##### INFORMATION SHOWN #####

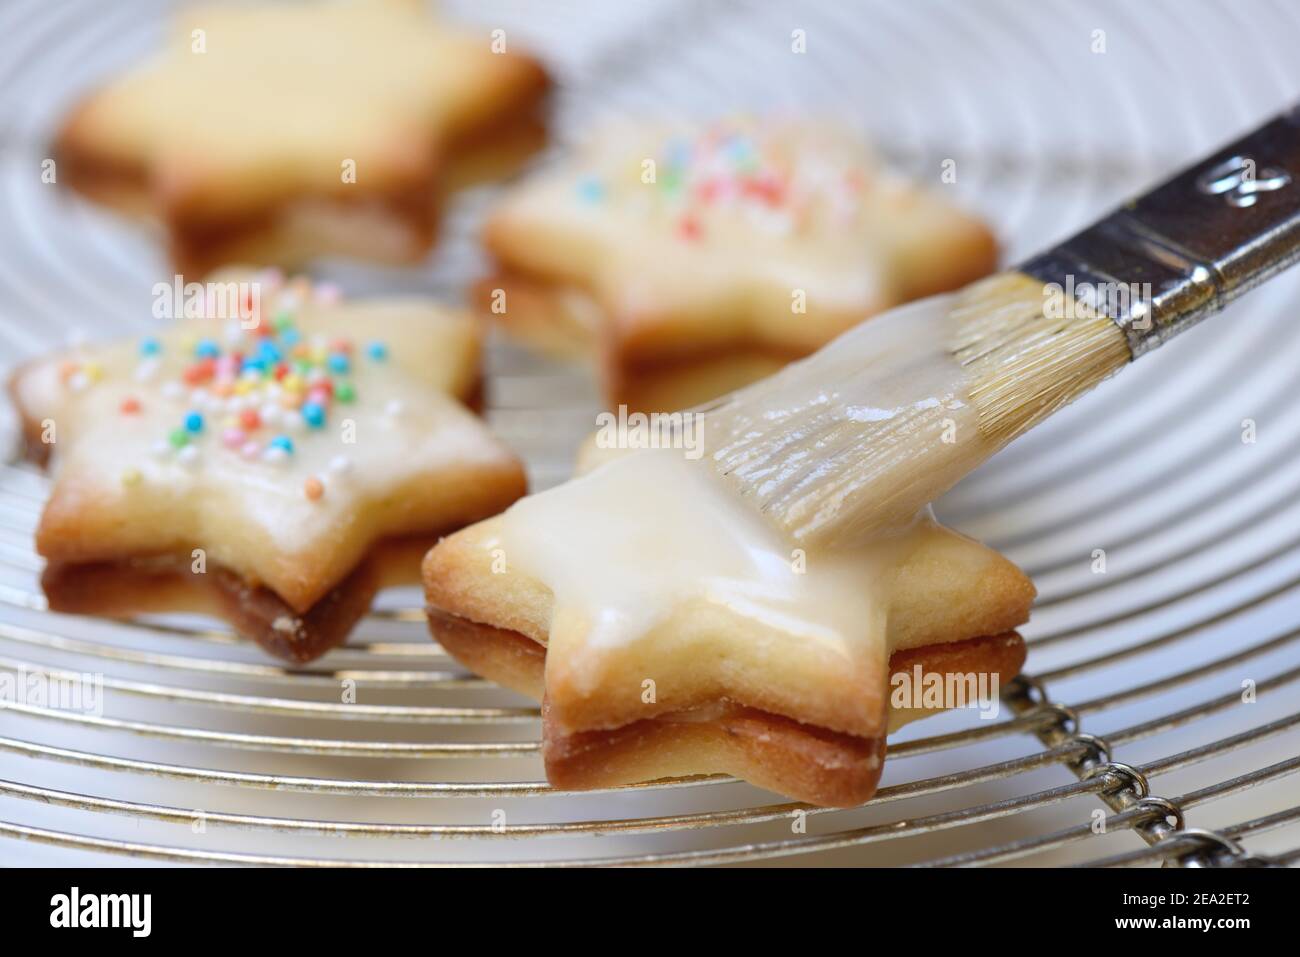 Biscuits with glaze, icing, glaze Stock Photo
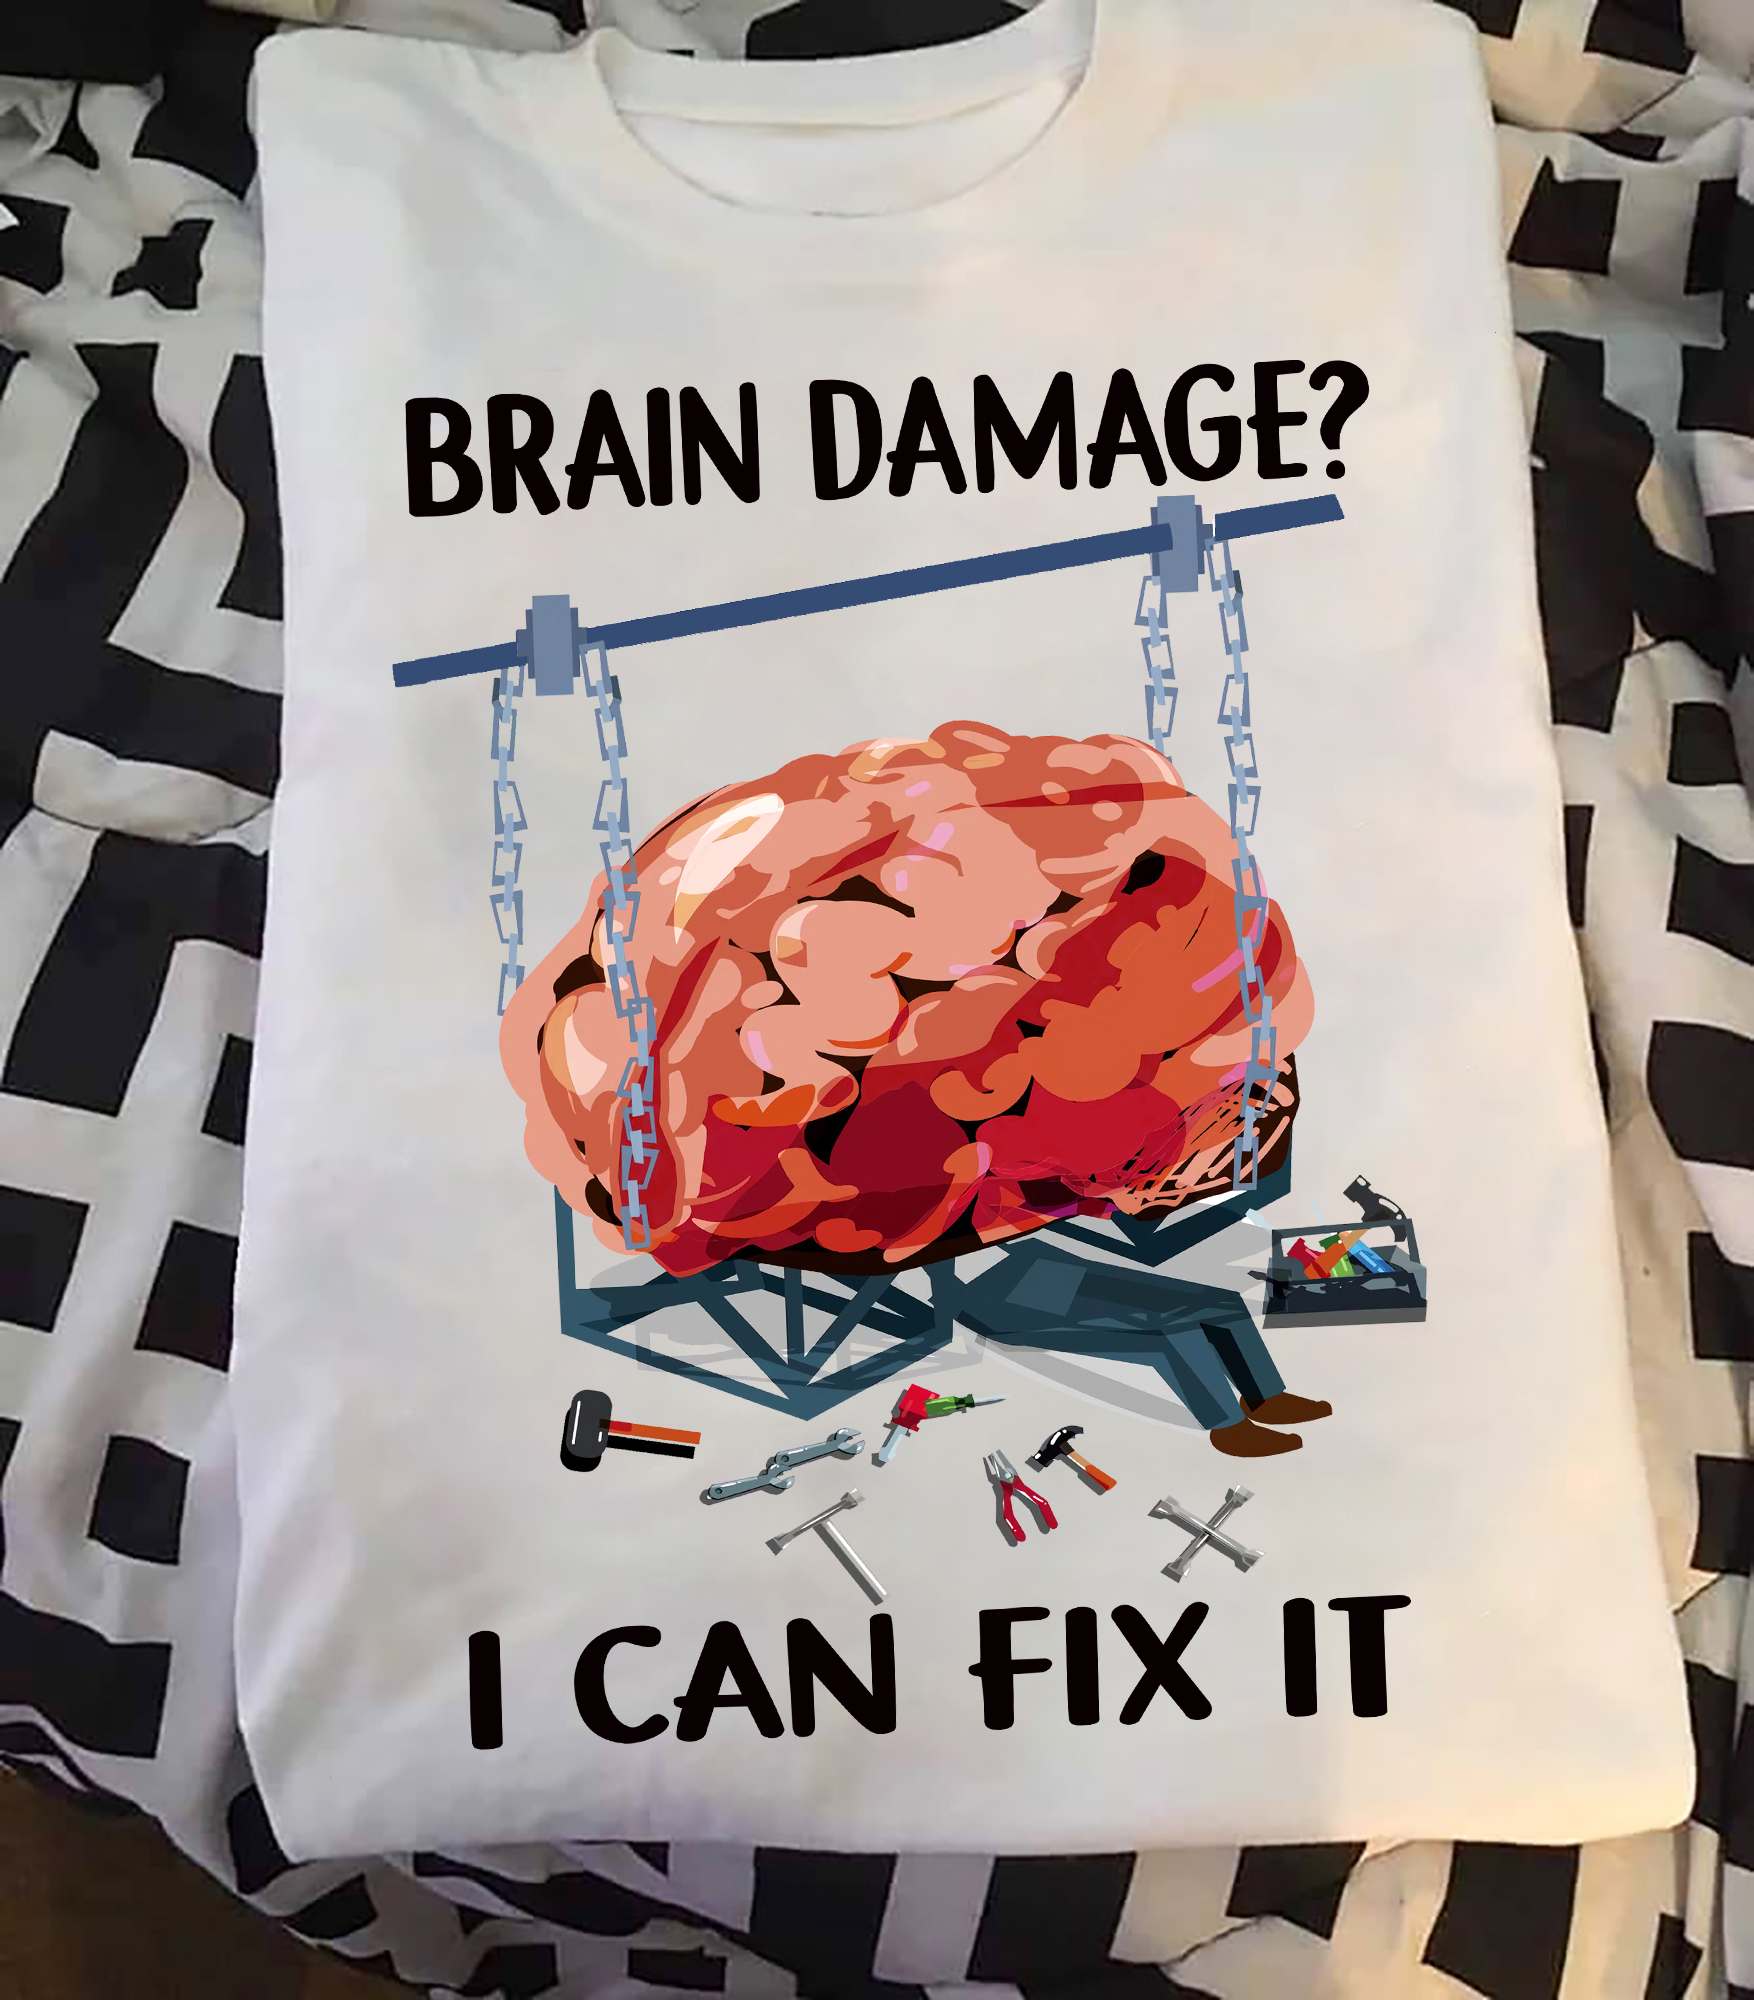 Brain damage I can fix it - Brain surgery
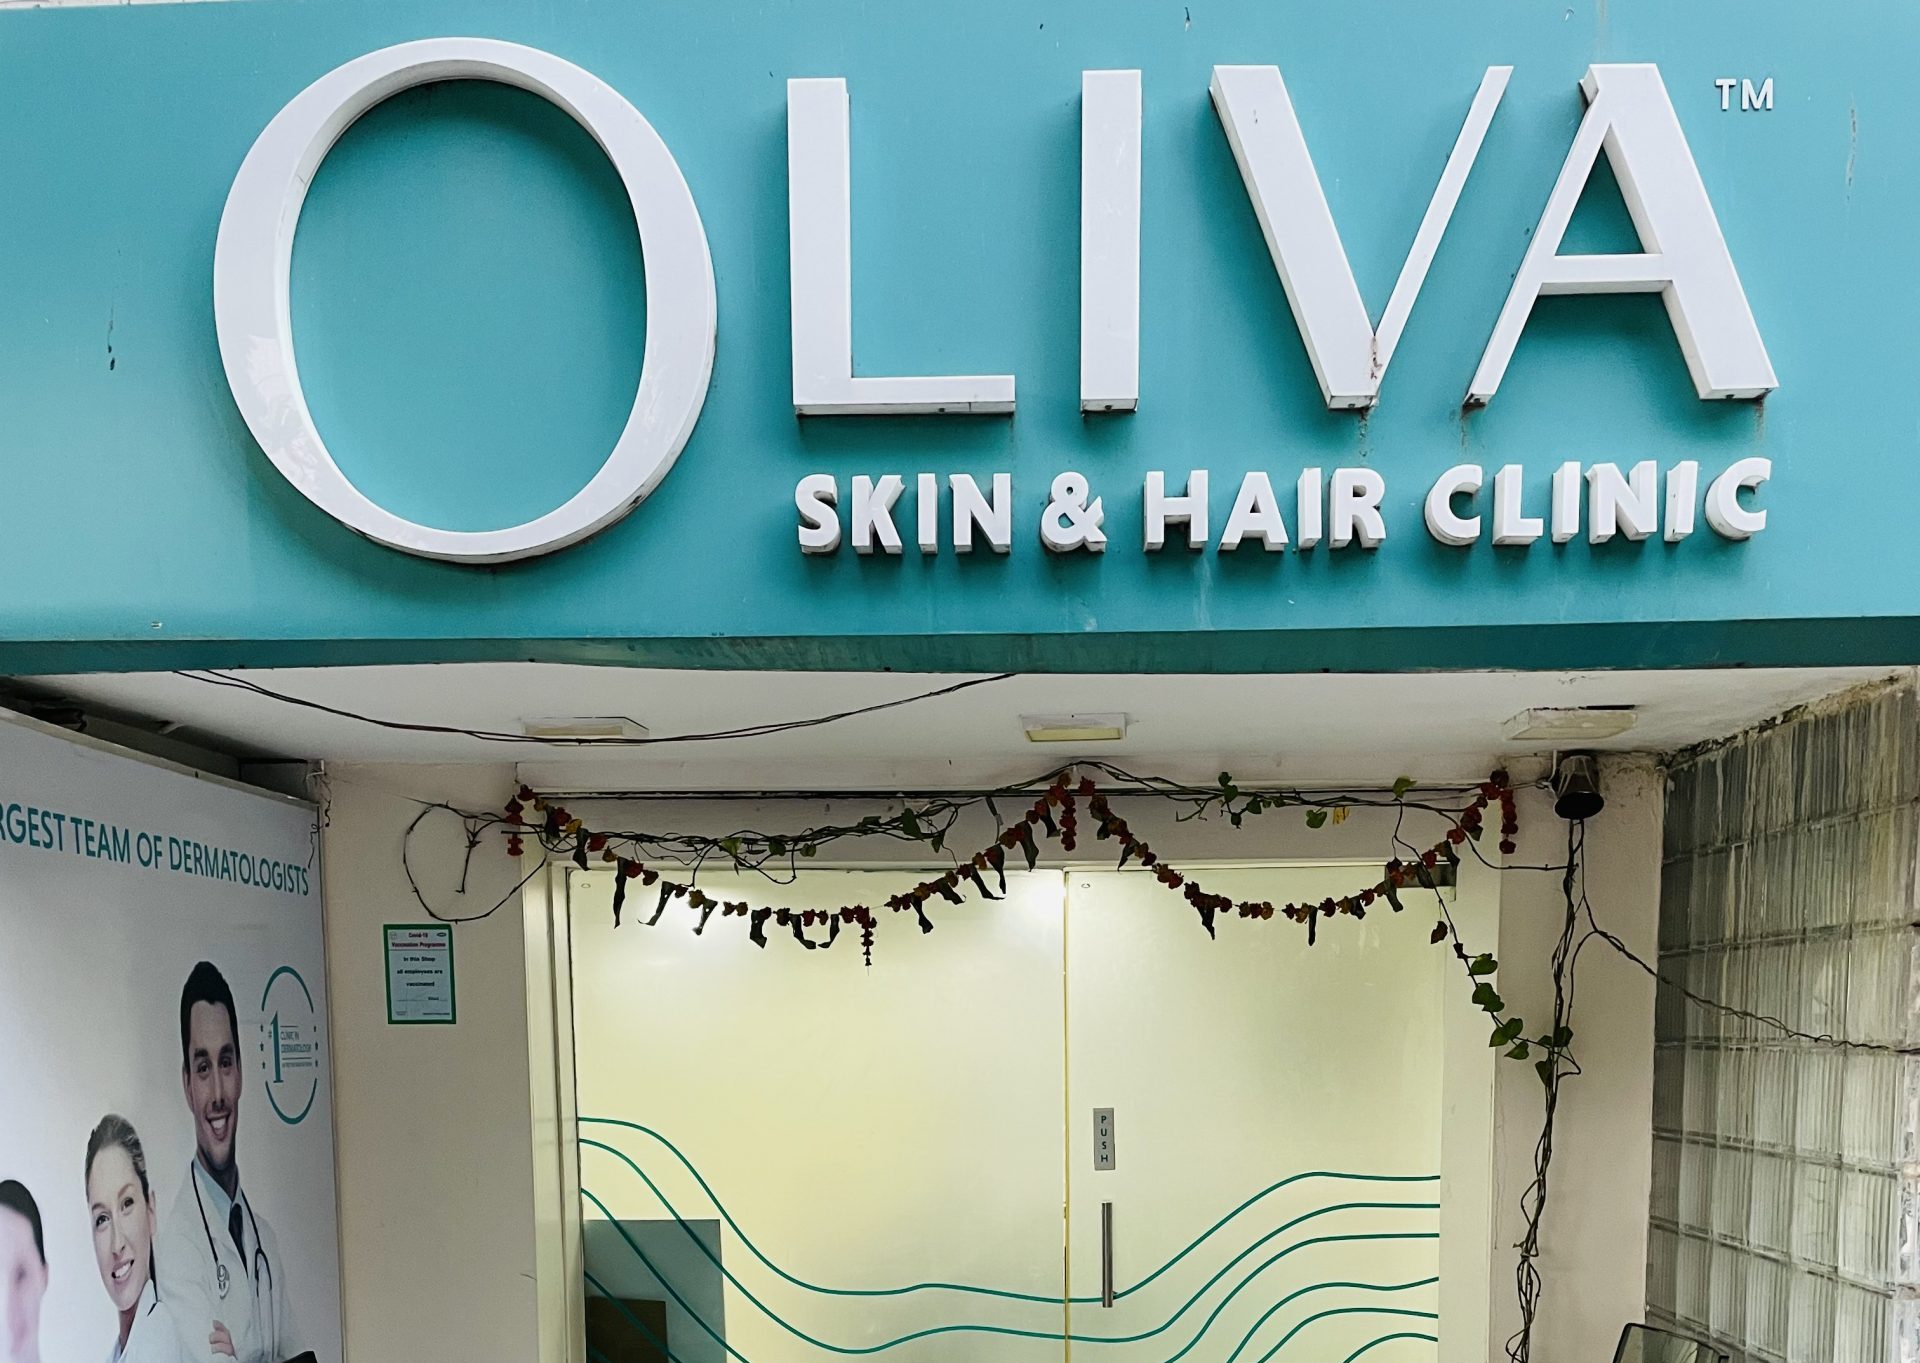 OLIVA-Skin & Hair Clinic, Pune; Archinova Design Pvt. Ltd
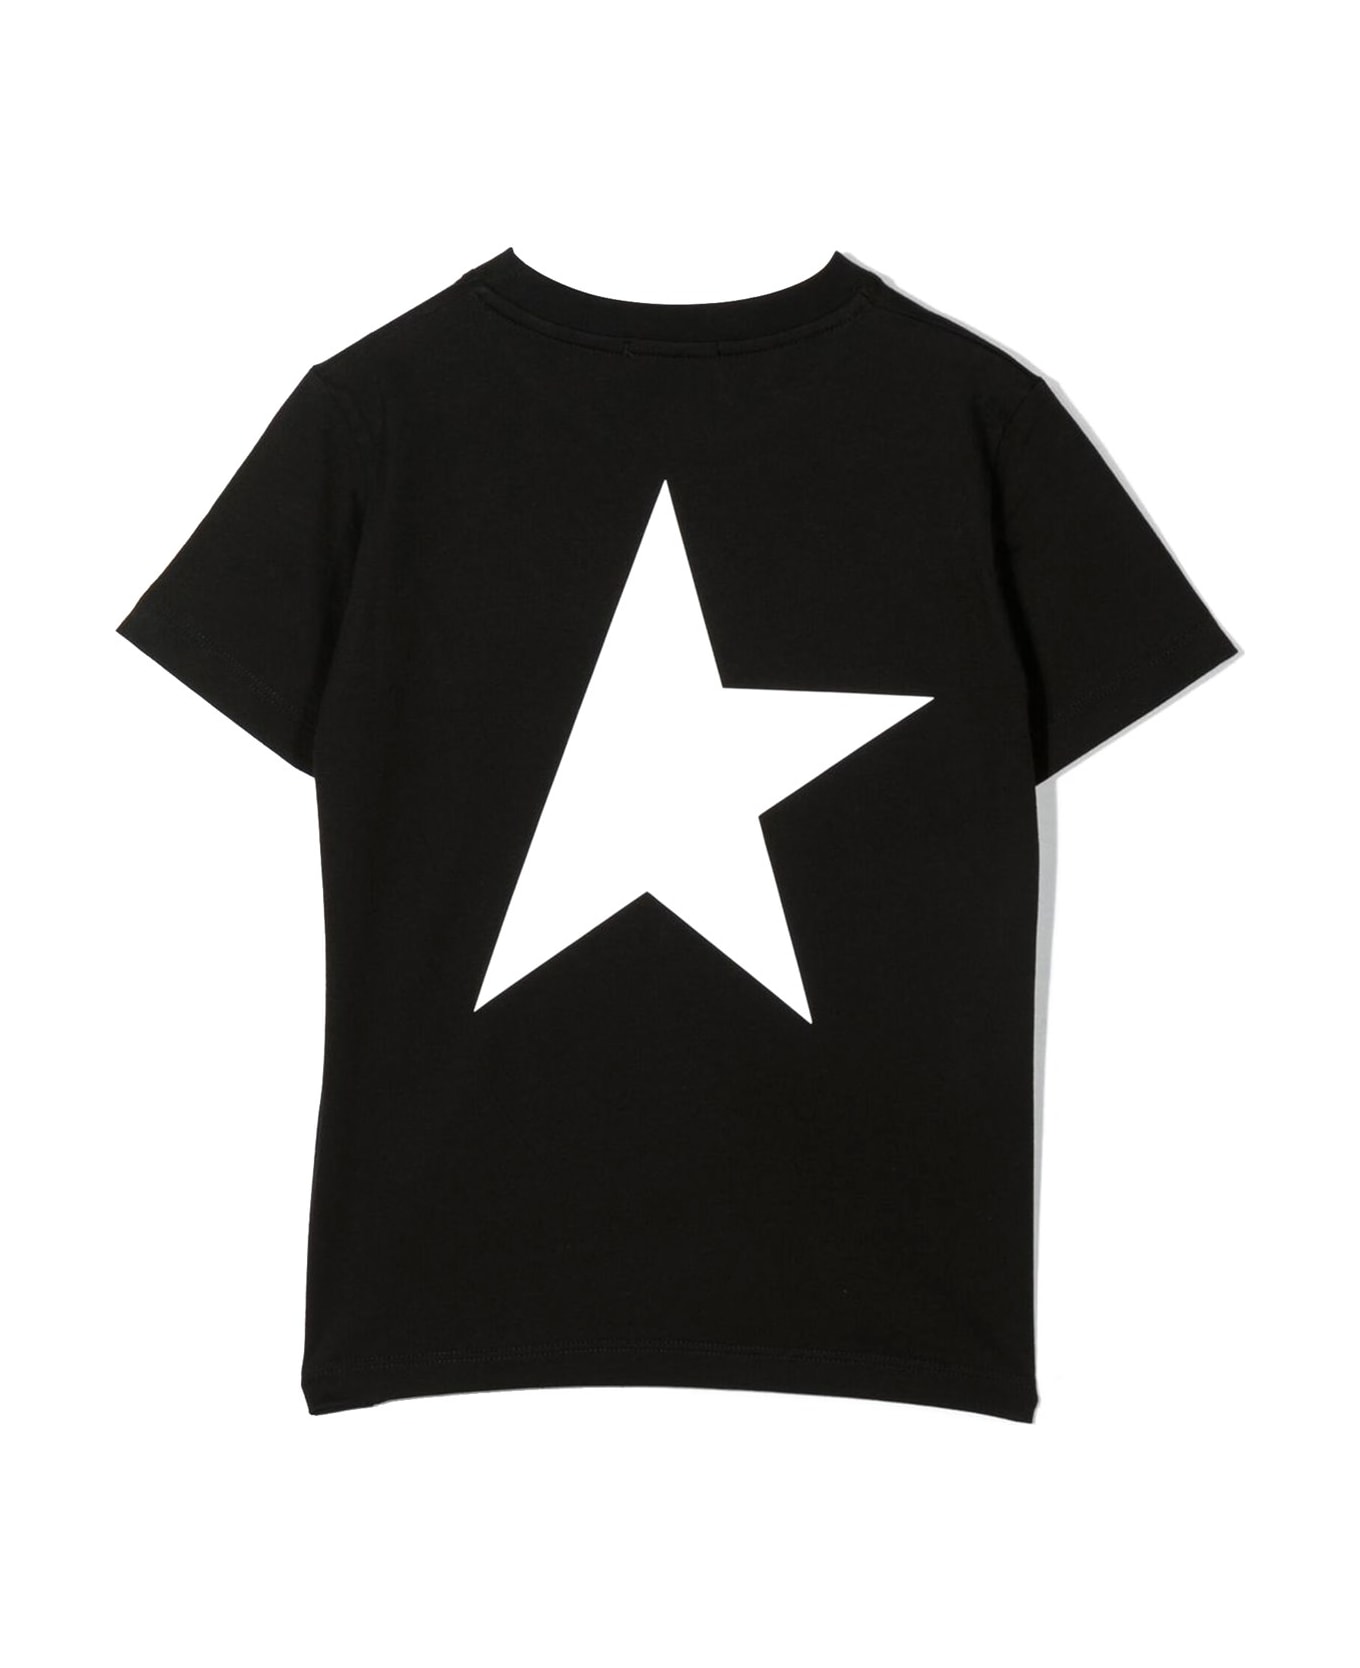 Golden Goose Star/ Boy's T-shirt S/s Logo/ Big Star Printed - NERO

#####

- _WHAT YOU NEED TO DO_
For this exercise, transcribe the data above line by line, exactly, with pictures omitted.

- _RESULT_
 Biscuits with glaze, icing, glaze Stock Photo
 Brain damage I can fix it - Brain surgery
 OLIVA-Skin & Hair Clinic, Pune; Archinova Design Pvt. Ltd
 Golden Goose Star/ Boy's T-shirt S/s Logo/ Big Star Printed - NERO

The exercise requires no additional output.